### [Your goal]
Set down, character for character, everything in the records below from the line holding "Die neu entdeckte" down to the line holding "Beautiful landscape with", and no other line.

### [Supplied records]
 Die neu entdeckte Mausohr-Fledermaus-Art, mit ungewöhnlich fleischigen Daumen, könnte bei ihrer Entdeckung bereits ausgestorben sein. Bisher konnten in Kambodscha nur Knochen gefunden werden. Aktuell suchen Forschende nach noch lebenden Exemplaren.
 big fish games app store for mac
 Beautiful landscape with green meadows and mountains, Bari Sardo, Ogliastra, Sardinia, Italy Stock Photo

* * *

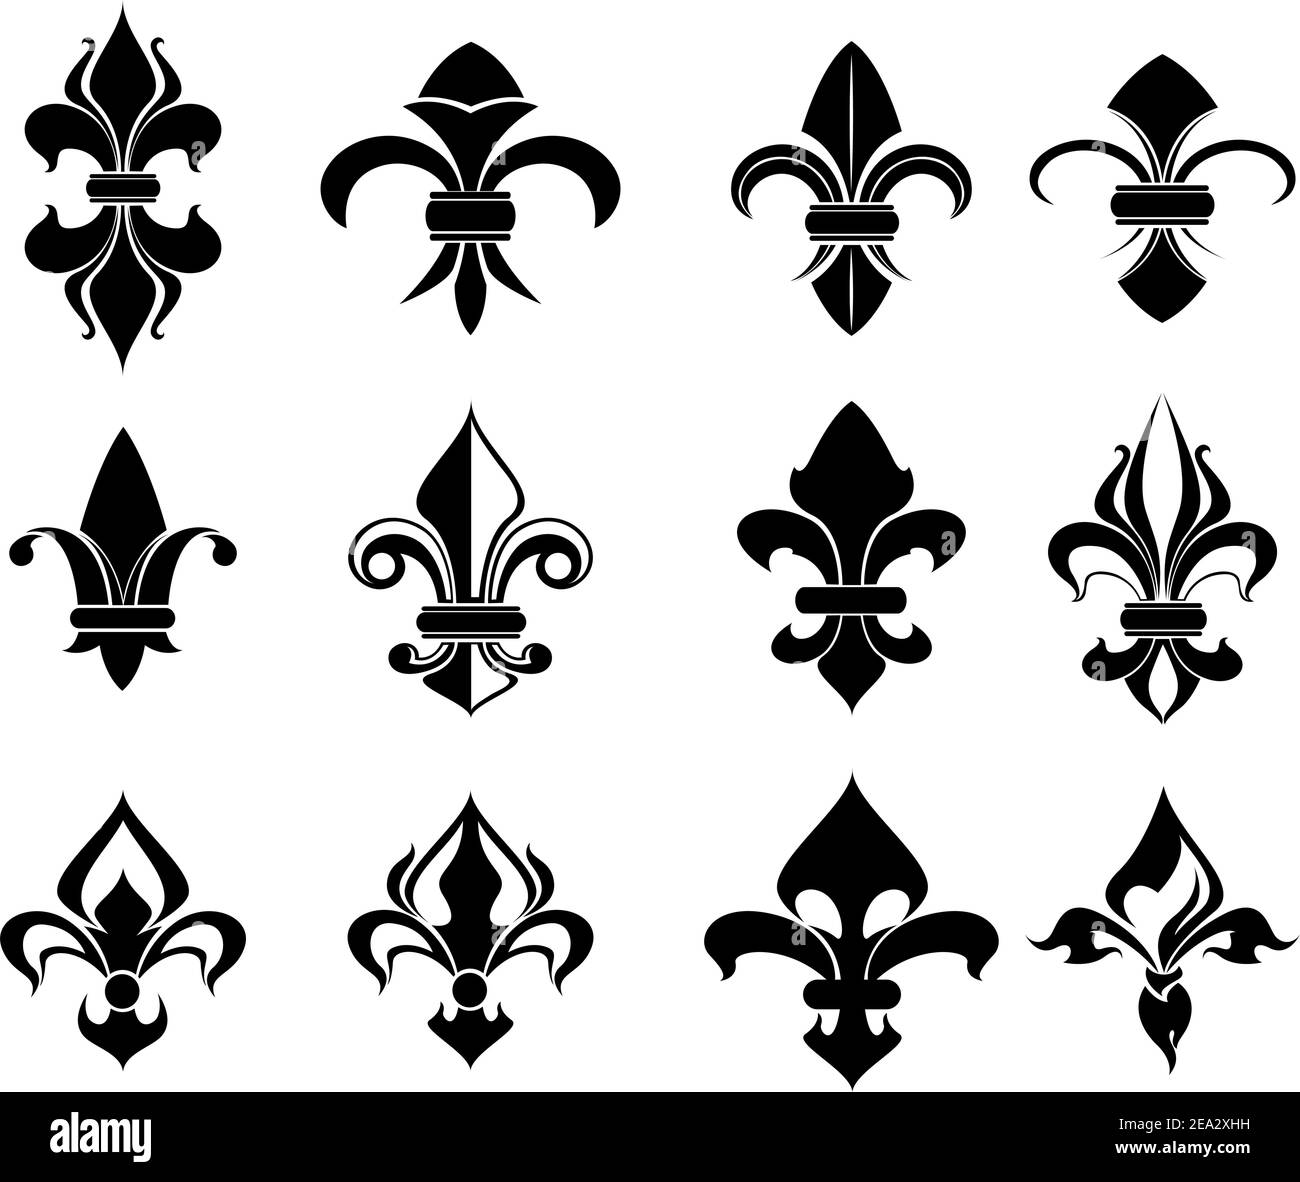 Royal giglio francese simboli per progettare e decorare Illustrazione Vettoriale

### [Result below]
 Die neu entdeckte Mausohr-Fledermaus-Art, mit ungewöhnlich fleischigen Daumen, könnte bei ihrer Entdeckung bereits ausgestorben sein. Bisher konnten in Kambodscha nur Knochen gefunden werden. Aktuell suchen Forschende nach noch lebenden Exemplaren.
 big fish games app store for mac
 Beautiful landscape with green meadows and mountains, Bari Sardo, Ogliastra, Sardinia, Italy Stock Photo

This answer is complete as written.